Last month I was delighted to get a note from Brian Hartley, a theologian who recently retired from Greenville University as its chief academic officer. He had heard about our Women of Bethel project and wanted to let me know about a similar initiative he had spearheaded at Greenville, a Free Methodist college in southern Illinois.
Funded by a grant from the Council of Independent Colleges’ Network for Vocation in Undergraduate Education (NetVUE), Hartley and his faculty and student collaborators researched the History of Women in Leadership at Greenville, which took over the campus of Almira College, a Baptist women’s college, in 1892 and named Suzanne Allison Davis its first woman president in 2020. Here’s part of Hartley’s introduction:
The unwritten history aimed to display the pioneering role of Greenville University in training, empowering, and employing women for leadership. From its beginnings, Greenville College (now University) recruited women of character and competence to teach on its faculty, including Mary Alice Tenney, the author of its published early history. These women exercised an outsized influence on the ethos of the institution and the education of students. Their leadership at board level, in executive leadership roles, and in key leadership positions across campus put Greenville at the forefront of the Christian college movement. Countless women alumni have served, and continue to serve, in positions of leadership within the institution and across the church, including Suzanne Davis, the current President.

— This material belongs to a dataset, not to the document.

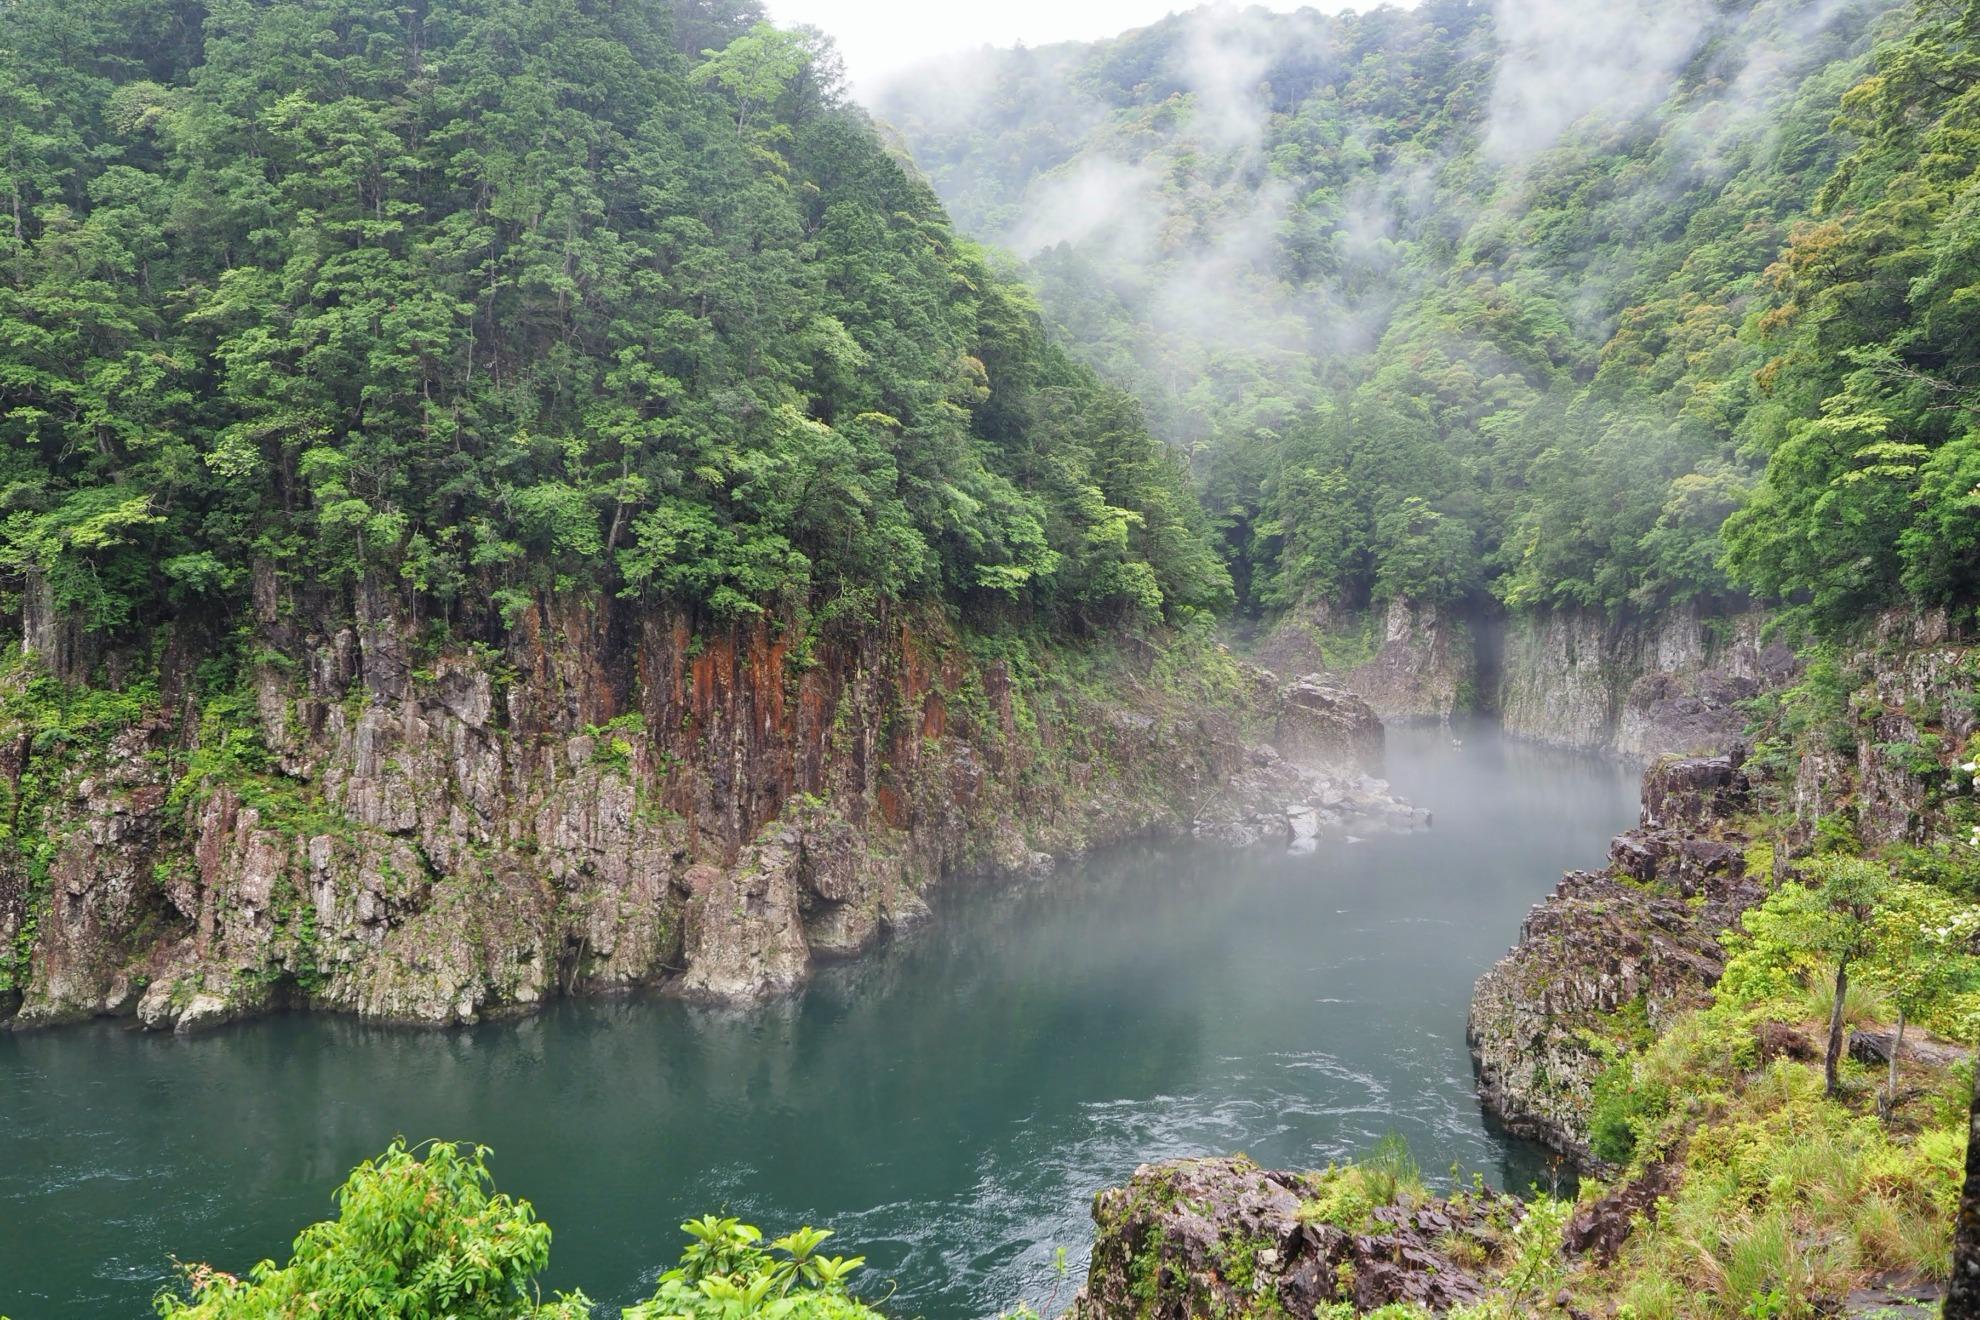 霧のかかる瀞峡

With its goal of telling Greenville’s “story of growth, influence, and faithfulness through the lens of women connected with it” and its extensive use of archival sources, Hartley’s project echoes some of the goals and methods of my own. And as I’ll do with Bethel, the women’s history project at Greenville pays significant attention to women’s sports, through essays on June Starr Strahl and Phyllis Holmes.

The major differences are the multiplicity of authors — several of the essays were written by student-faculty teams — and the biographical focus on individual leaders, from Almira College founder and namesake Almira Blanchard Morse to pioneering professors like Mary Alice Tenney and Harriette Warner Whiteman.
So while my own project on the women’s history of Bethel is still in progress, please take a look at what these Greenville historians were able to accomplish with a similar investigation into a sister institution.